The publishing group behind the Daily Mail and the Mail on Sunday today said it will hike its full-year dividend, despite seeing its profit slashed in half due to the coronavirus pandemic.
Daily Mail and General Trust (DMGT) posted revenue of £1.2bn in the year to the end of September, down 14 per cent on last year.
Pre-tax profit slumped 50 per cent to £72m.
Earnings per share dropped by a third to 26.1p.
DMGT lifted its dividend by one per cent to 24.1p.
Why it’s interesting
The figures highlight the stark impact of coronavirus on the media sector, with publishers battling declining footfall and a sharp drop in advertising revenue.
DMGT said it delivered underlying growth in subscription and digital advertising, but this was more than offset by the decrease in events, print advertising, circulation and transactions, all of which fell dramatically as a result of the pandemic.

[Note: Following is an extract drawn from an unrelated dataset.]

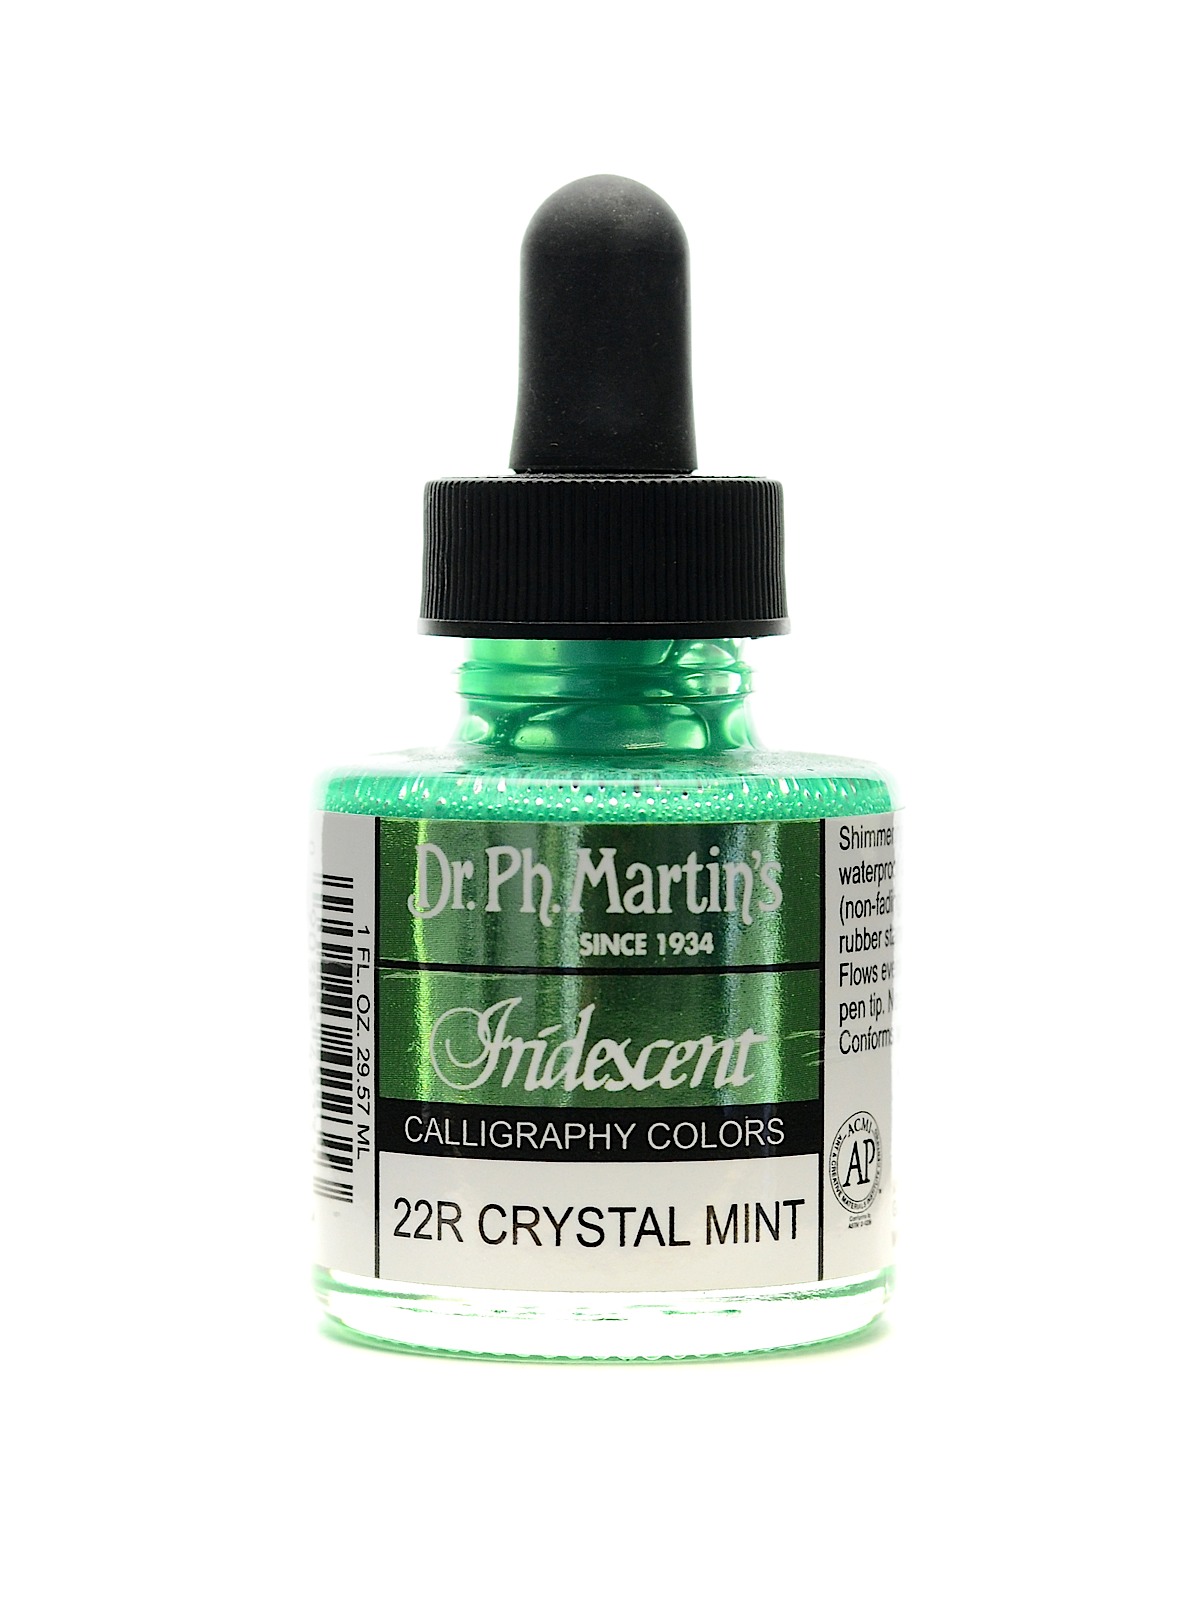 Iridescent Calligraphy Colors 1 Oz. Crystal Mint
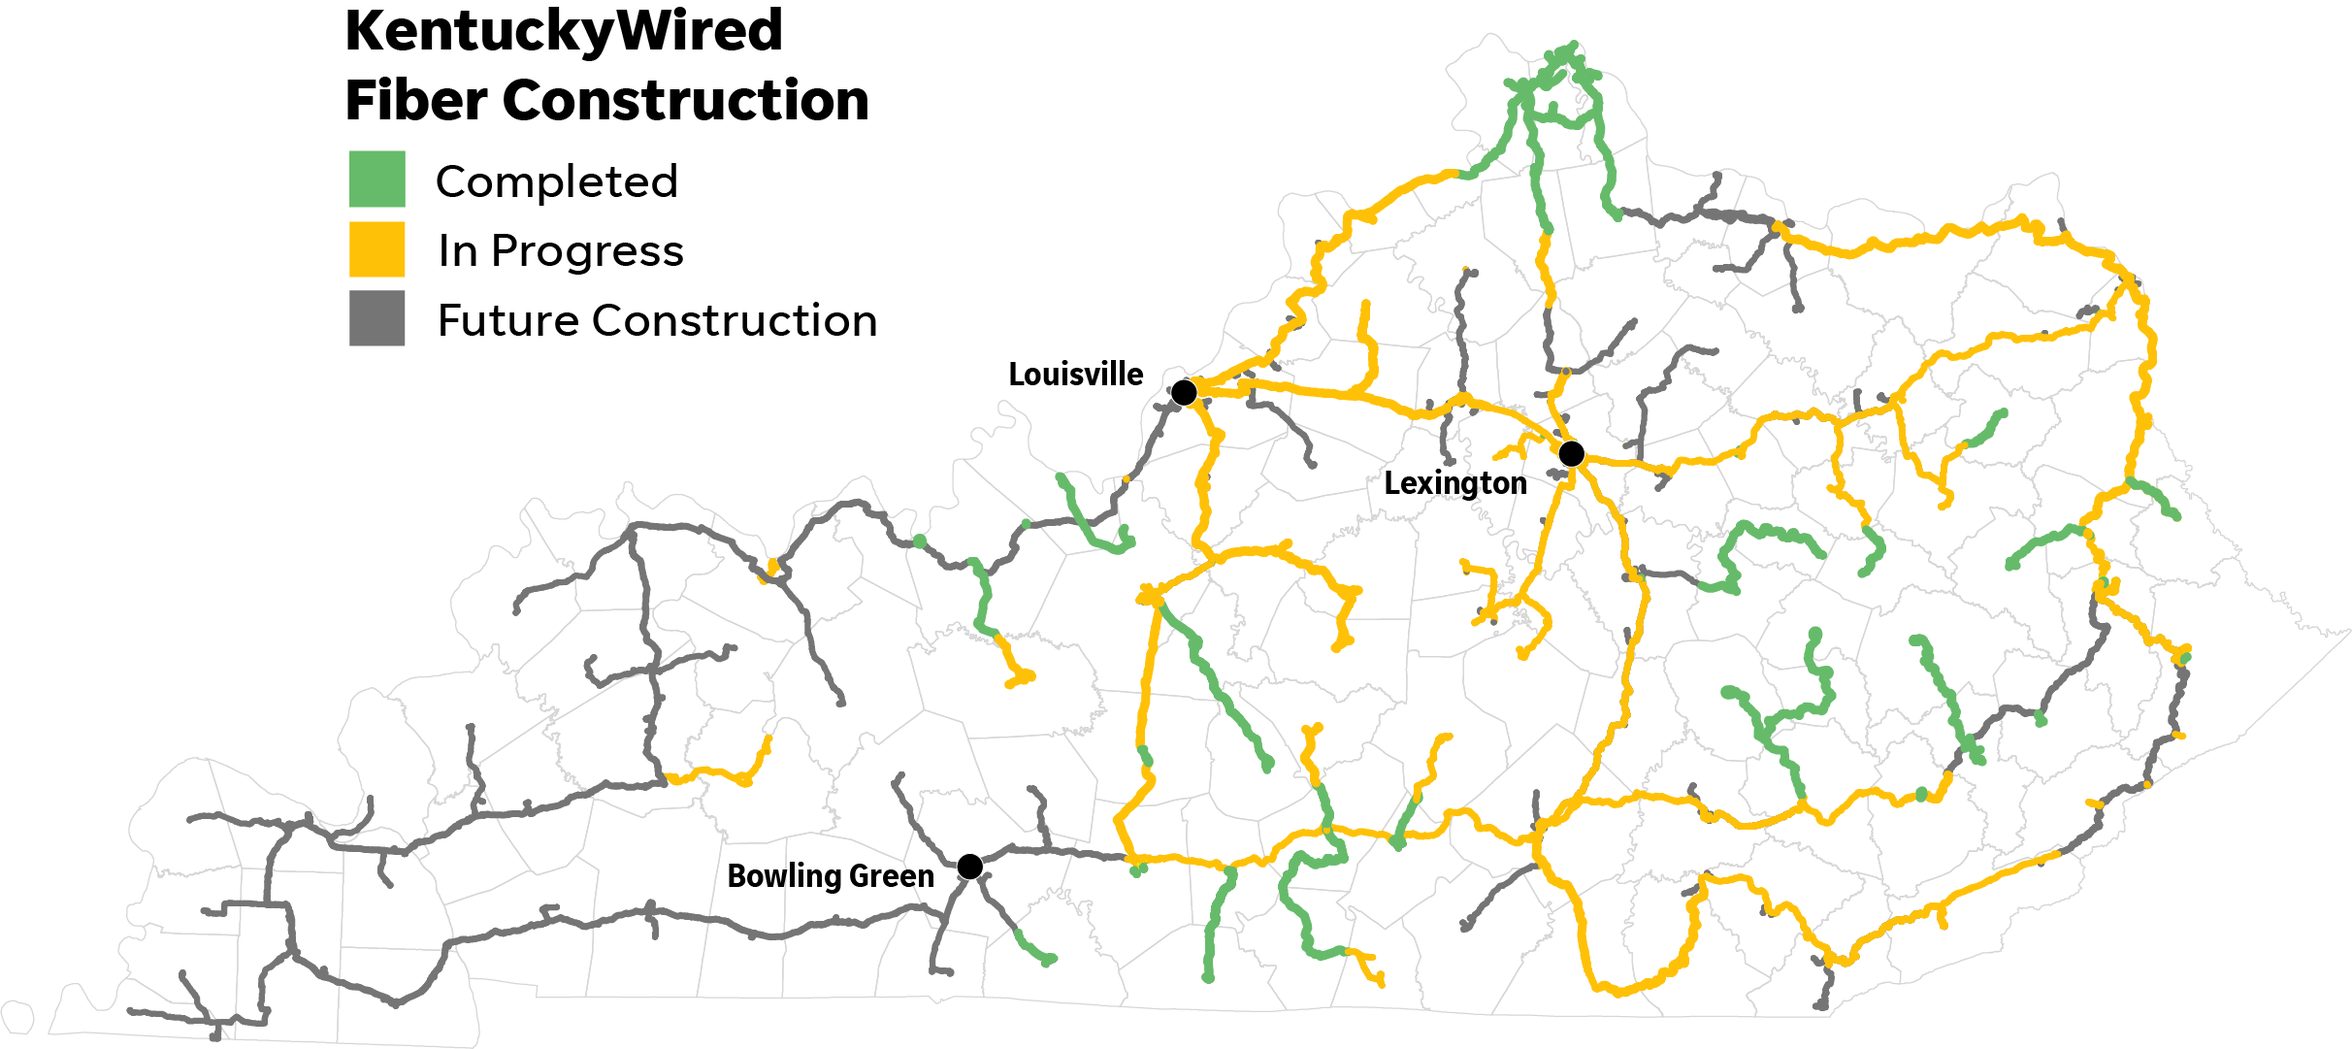 Map of the KentuckyWired fiber lines that are completed, in progress and are part of future construction in Kentucky

The group’s consumer media division, which includes the Daily Mail, Mail on Sunday and Mail Online, as well as Metro and the i, saw its revenue decline 10 per cent over the year.
Its business-to-business unit, which operates titles in the insurance, education and property sectors, fell 18 per cent.
But the hardest hit section was events in exhibitions, where operating income was slashed 81 per cent as the Covid-19 outbreak led to widespread cancellations.
DMGT said it had taken a number of measures to mitigate the impact of the crisis, including cutting discretional spend and reducing headcount.
In August the group cut as many as 100 jobs in its publishing arm and shut down the Mail on Sunday’s Event magazine.
The Mail on Sunday is currently in a court battle with Meghan, Duchess of Sussex over alleged privacy breaches.
Despite the impact of the pandemic, DMGT said it had made good progress on its strategy of slimming down its portfolio of businesses.
The group last year sold off energy data firm Genscape and property data unit Buildfax to US group Verisk.
Meanwhile, DMGT completed its £50m acquisition of the i newspaper and recently upped its stake in online car dealership Cazoo. The firm said its 20 per cent was now worth more than £400m — a return of over three times on its investment.
The publishing giant said its decision to lift its full-year dividend reflected its “long-term perspective and confidence in the future”.
DMGT shares rose more than three per cent on the back of the announcement.
The company said it would not provide formal guidance while the duration and severity of the pandemic remained unclear.
It said its B2B divisions were well-positioned to deliver continued revenue growth, but the outlook for its consumer unit remained difficult to predict, while events and exhibitions were likely to suffer.
What DMGT said
“Our experience through Covid-19 has demonstrated the benefits of the transformation we have implemented over the last four years. The pandemic has brought significant disruption and change to our markets but the strategic and financial actions we have taken have ensured that we coped well and remained on the front foot,” said chief executive Paul Zwillenberg.
“I am pleased with DMGT’s performance in a highly challenging environment and am immensely proud of the way that everyone at DMGT has responded. We have an embedded performance management culture with a ROI mindset and the Group is resilient, adaptable and future-focused. We will, as always, retain our long-term perspective and our confidence in the future is reflected by the board’s recommendation to increase the dividend to 24.1 pence per share.”